The following was written when I lived in Japan, for another blog. I am reproducing it here because there was a note in my drafts folder instructing me to do so.


Today I was told that mastery of either Kendo 剣道, Judo 柔道, or Karate 空手 is one of the necessary requirements to be a police officer in Japan. I wondered what constitutes “mastery” in this context, presumably at least 1st dan (black belt)? My friend didn’t know, just that it has to be one of those three – Aikido and Kenpo don’t count. I haven’t found any sources for this online but of course I have no reason to doubt the word of a native Japanese person on the matter.
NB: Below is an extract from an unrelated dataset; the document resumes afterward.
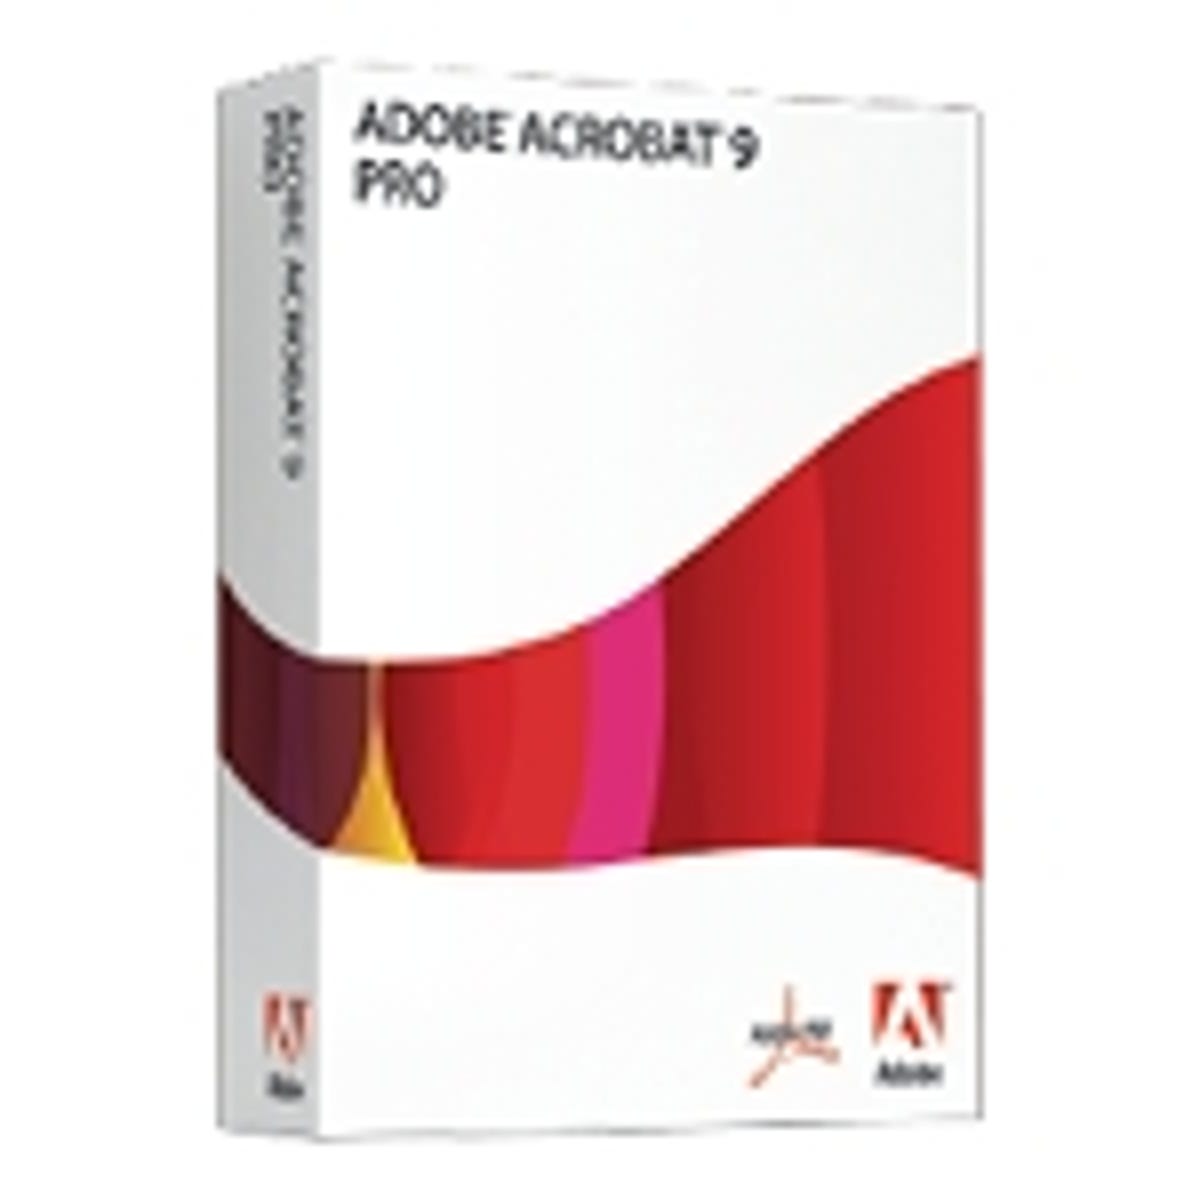 adobe acrobat 9 standard free download full version

I’m fascinated.

KendoI asked for a way to state something but at the same time signal that you’re not really pleased about it. Something along the lines of “I wish it wasn’t cold” or “It’s spicy, I don’t really like that”. Or, better, a word that would convey the effect of saying “It’s cold” or “It’s spicy” while making an unhappy face. The first answer I got was something that is apparently a female way to say this and would be weird for a guy to say. I forget what that was, but I’ll ask again because it might be handy in future or hilarious to misuse. The second answer, after some thought, was to tag “yada na” on the end. This is tricky to translate exactly so I’m not even going to try, just give some examples. You know what I asked, so you pretty much know what “yada na” means.
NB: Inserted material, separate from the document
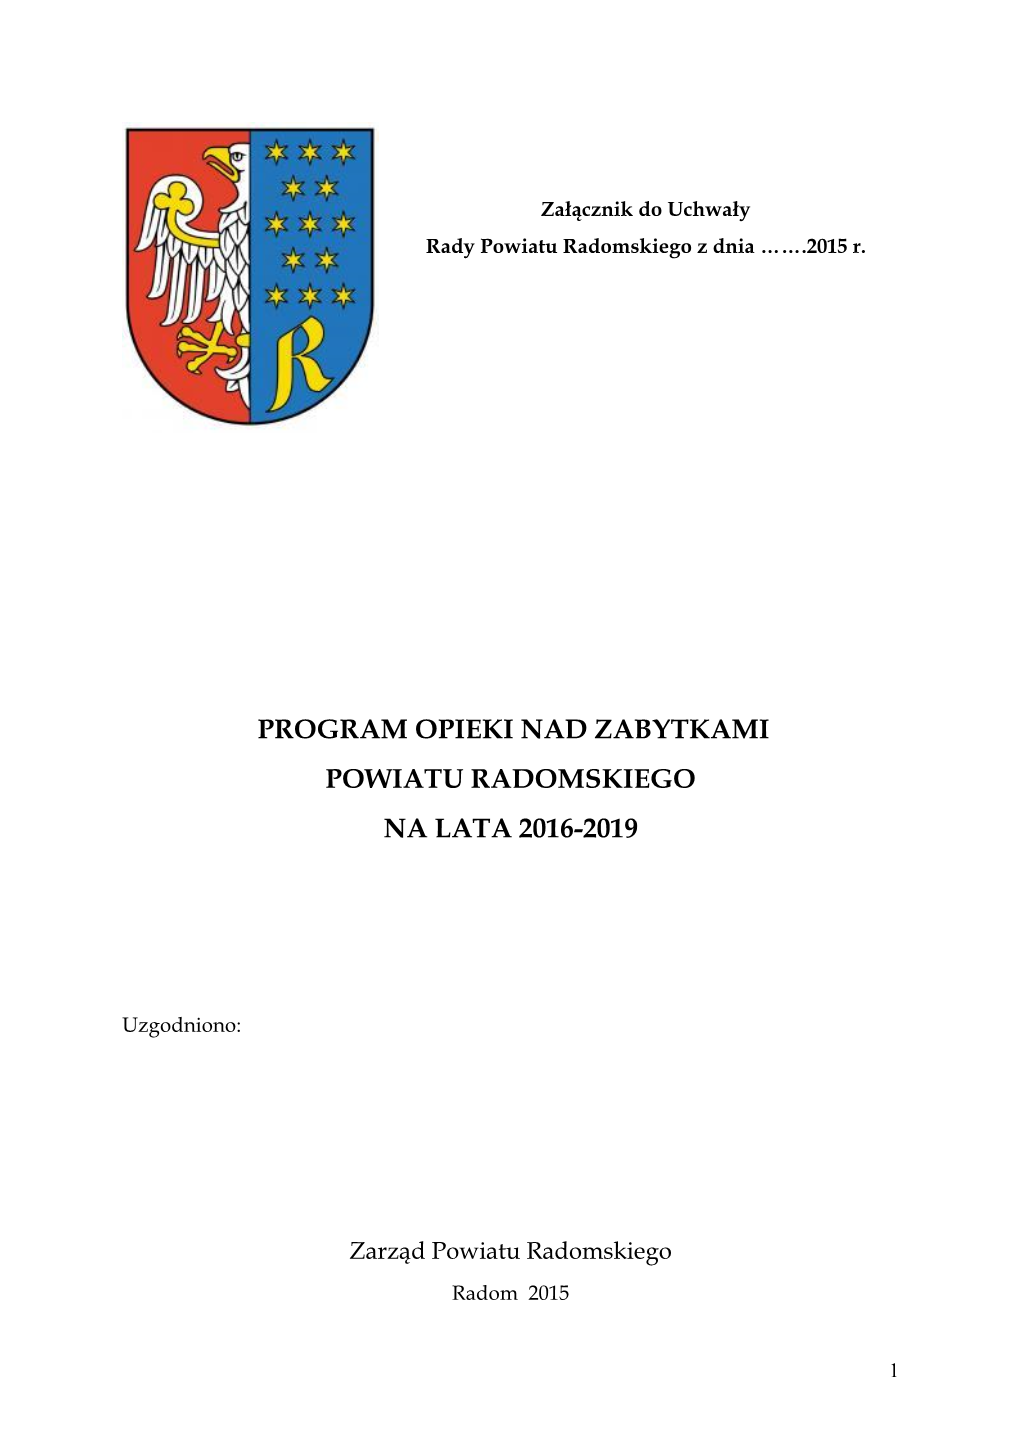 Powiatowy Program Opieki Nad Zabytkami Powiatu Radomskiego Na Lata 2011-2014

It’s cold, yada na! 寒いのやだな samui no yada na

There’s egg, yada na! 卵やだな tamago yada na

(That) woman…yada na! 彼女やだな kanojo yada na

You may have noticed, when the word is an adjective you need to add “no” but when it’s a noun you don’t. Anyway, onto the rest of today’s phrases.

warm 暖かい atatakai

It’s getting warmer 暖かくなってきます atatakaku natte kimasu

pollen 花粉 kafun

hay fever 花粉症 kafunshou

I have hay fever 私は花粉症です watashi wa kafunshou desu

Sorry I’m late, my Tauntaun froze before I reached the first marker
遅くなって申し訳ありません。最初の道標に到着した前、私のトーントーンが凍死してしまいました。
osoku natte mōshiwake arimasen. saisho no dōhyō ni touchaku shita mae, watashi no tauntaun ga tōshi shite shimaimashita


The vocabulary of the entry is not formatted in my usual house style but it works fine (possibly better) the way I did it at the time.